Usage#

The fundamental data structures and API provided by giglib intentionally mirror that of tskit (which makes it easy e.g. to initialise a GIG from an msprime-simulated tree sequence 🎉). Nevertheless, there are a number of terminological and implementation differences, an incomplete list of which are below:

API differences#

  • Iedges Intervals in a GIG as defined by giglib are stored in the iedges table, which has a parent_left and child_left column rather than a simple left column as in tskit (and similarly for right). We use the term iedge rather than simply edge to indicate that this is a denormalised table that contains an interval (i) as well as the parent and child coordinates that represent an edge in the graph. That means a single graph edge can be represented by multiple disjoint intervals in the iedges table.

  • Tables and Graphs giglib provides a Tables and Graph class, corresponding to TableCollection and TreeSequence classes in tskit. Thus to create a GIG from scratch, you do gig = tables.graph()

  • Chromosomes The API includes the possibility of having genetic material on different chromosomes. This is implemented using two extra columns in the iedges table (see https://github.com/hyanwong/giglib/issues/11 for the rationale)

  • Object access Information stored in GIG tables can be accessed using square brackets, and the len() function should work, so the canonical usage looks like gig.nodes[0], len(gig.nodes), and [u.id for u in gig.nodes] rather than the equivalents in tskit (ts.node(0), ts.num_nodes, and [u.id for u in ts.nodes()]. Similarly, we use gig.sample_ids (no braces) rather than ts.samples().

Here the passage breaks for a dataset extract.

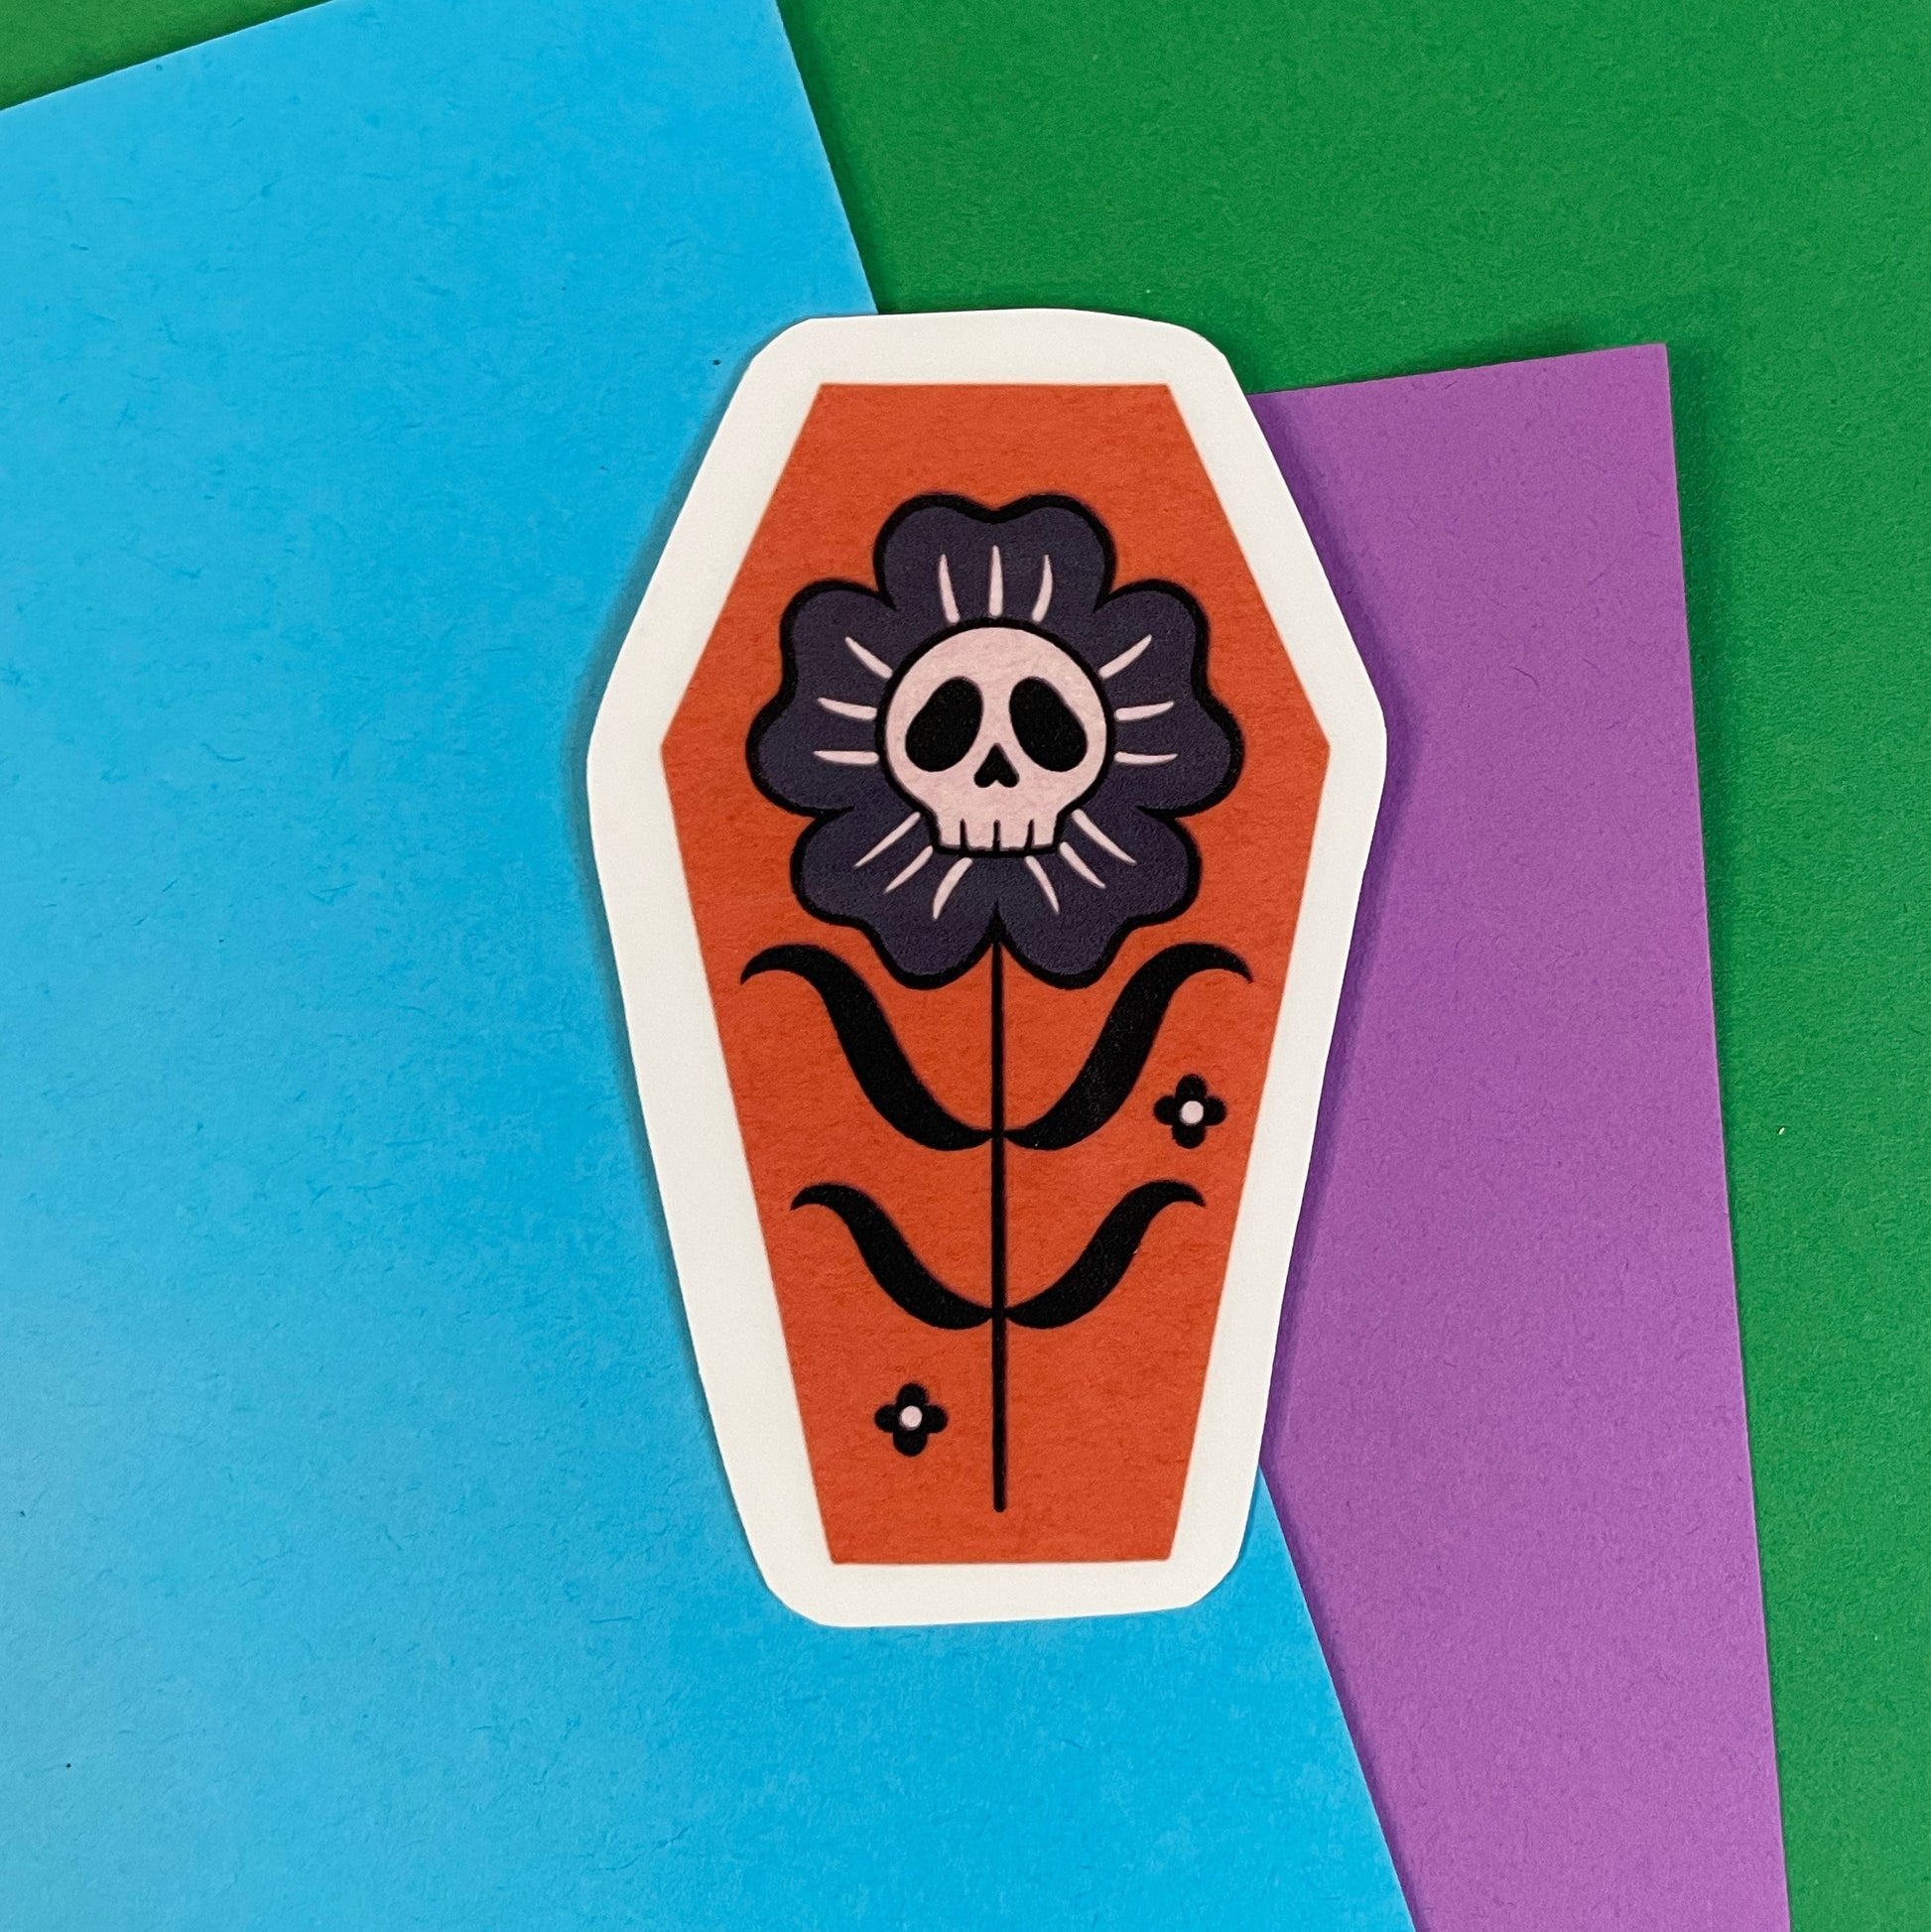 A coffin shaped sticker with an orange background, featuring a black and gray flower with a skull in the center.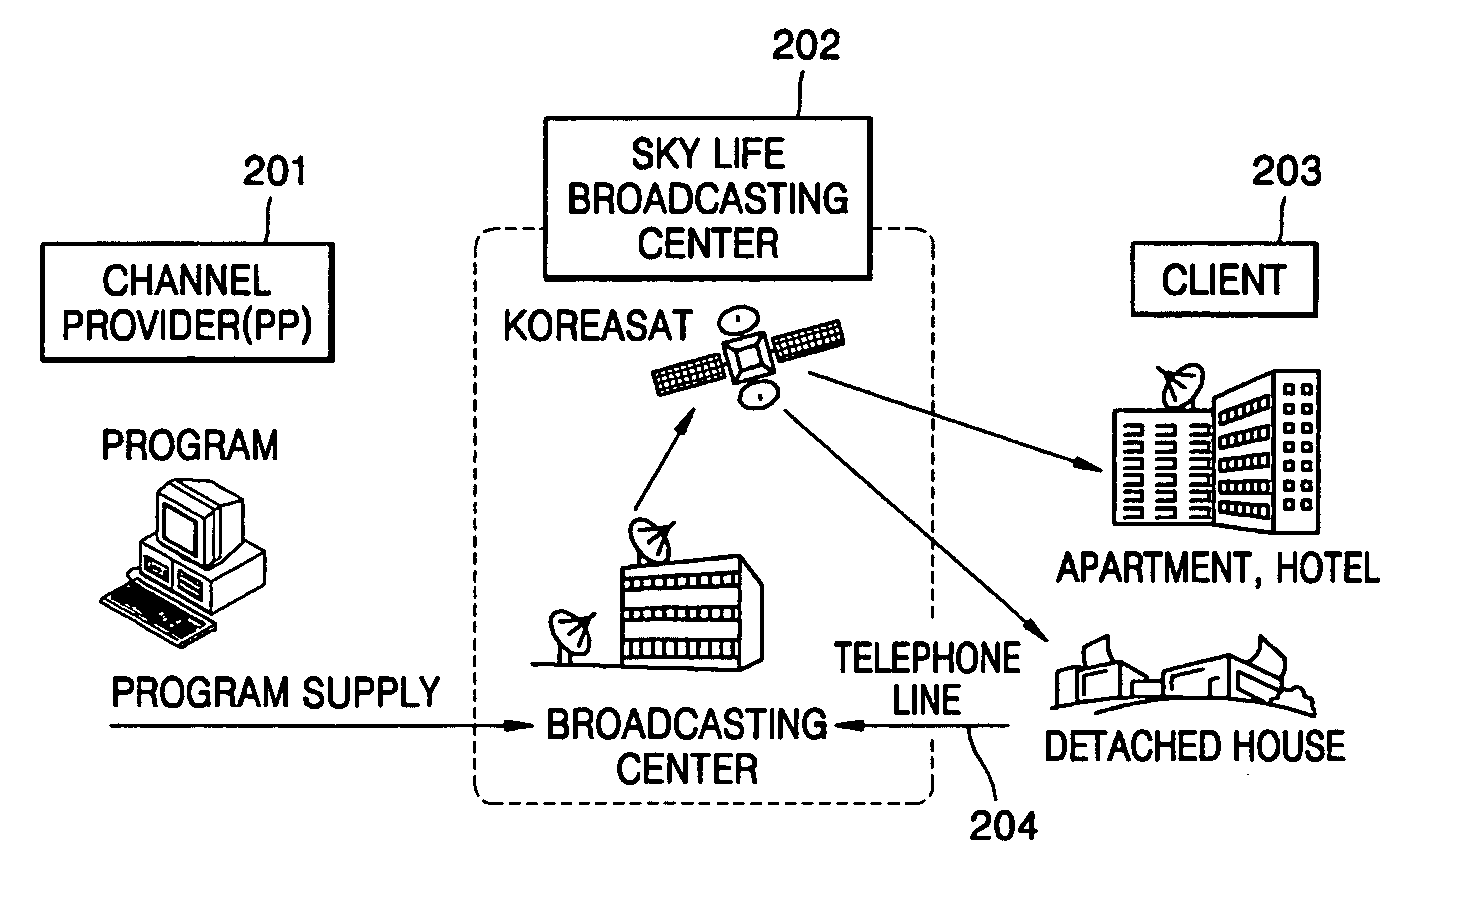 System and method of providing integrated communications and broadcasting service

  • Internal iedge order The iedges in a GIG are sorted such that all those for a given child are adjacent (rather than all edges for a parent being adjacent as in tskit). Moreover, iedges are sorted in decreasing order of child time, so that edges with more recent children come last. Since edges for a given child are adjacent, child intervals for those edges cannot overlap. Edges for a given child are ordered by left coordinate, which helps algorithmic efficiency. The internal gig.iedge_map_sorted_by_parent array indexes into iedges in the order expected by tskit.

  • No .trees() iterator See above: the meaning of a “local tree” is unclear in a GIG, so implementing the equivalent of the fundamental tskit .trees() method is likely to require substantial theoretical work.

  • Algorithms on tables Unlike tskit, some fundamental algorithms such as find_mrca_regions and sample_resolve (a basic type of simplify) can be run directly on a set of tables. For this to work, the tables need to conform to certain validity criteria. Substantial additional functionality has been incoporated into the tables objects, so that table rows (especially for iedges) can be validated on calling table.add_row(), according to certain validity flags (see the ValidFlags class in constants.py). This allows use of the GIG structure during generation of the tables, without having the substantial overhead of continually having to freeze them into an immutable graph. This makes forward simulation feasible.

  • Other stuff More differences should be noted here!

Examples#

As with a tskit tree sequence, a GIG is immmutable, so to create one from scratch you need to make a set of Tables and freeze them using the .graph() method (which gives opportunity to cache and index important stuff):

import giglib as gigl

tables = gigl.Tables()
tables.nodes.add_row(0, flags=gigl.NODE_IS_SAMPLE)
tables.nodes.add_row(1, flags=0)
# Add an inversion
tables.iedges.add_row(
    parent=1, child=0, child_left=0, child_right=1, parent_left=1, parent_right=0
)
gig = tables.graph()
assert len(gig.nodes) == 2
assert len(gig.iedges) == 1
assert len(gig.samples) == 1
assert gig.iedges[0].is_inversion()

Simulations#

Examples of code that runs simulations are provided in the test suite. Currently they are based on a relatively simple extension of the boilerplate forward-simulation code in the tskit forward-time simulation tutorial. The important difference is that the find_mrca_regions method is used to locate breakpoints for recombination.

For more details the sim.py file is a convenience wrapper that links out to other files containing simulation code. Currently only forward simulation code is provided. Nevertheless, it is conceptually general enough to form the basis of a pangenome simulator (this would however require substantial effort in fixing reasonable parameters before realistic-looking pangenomes could be created).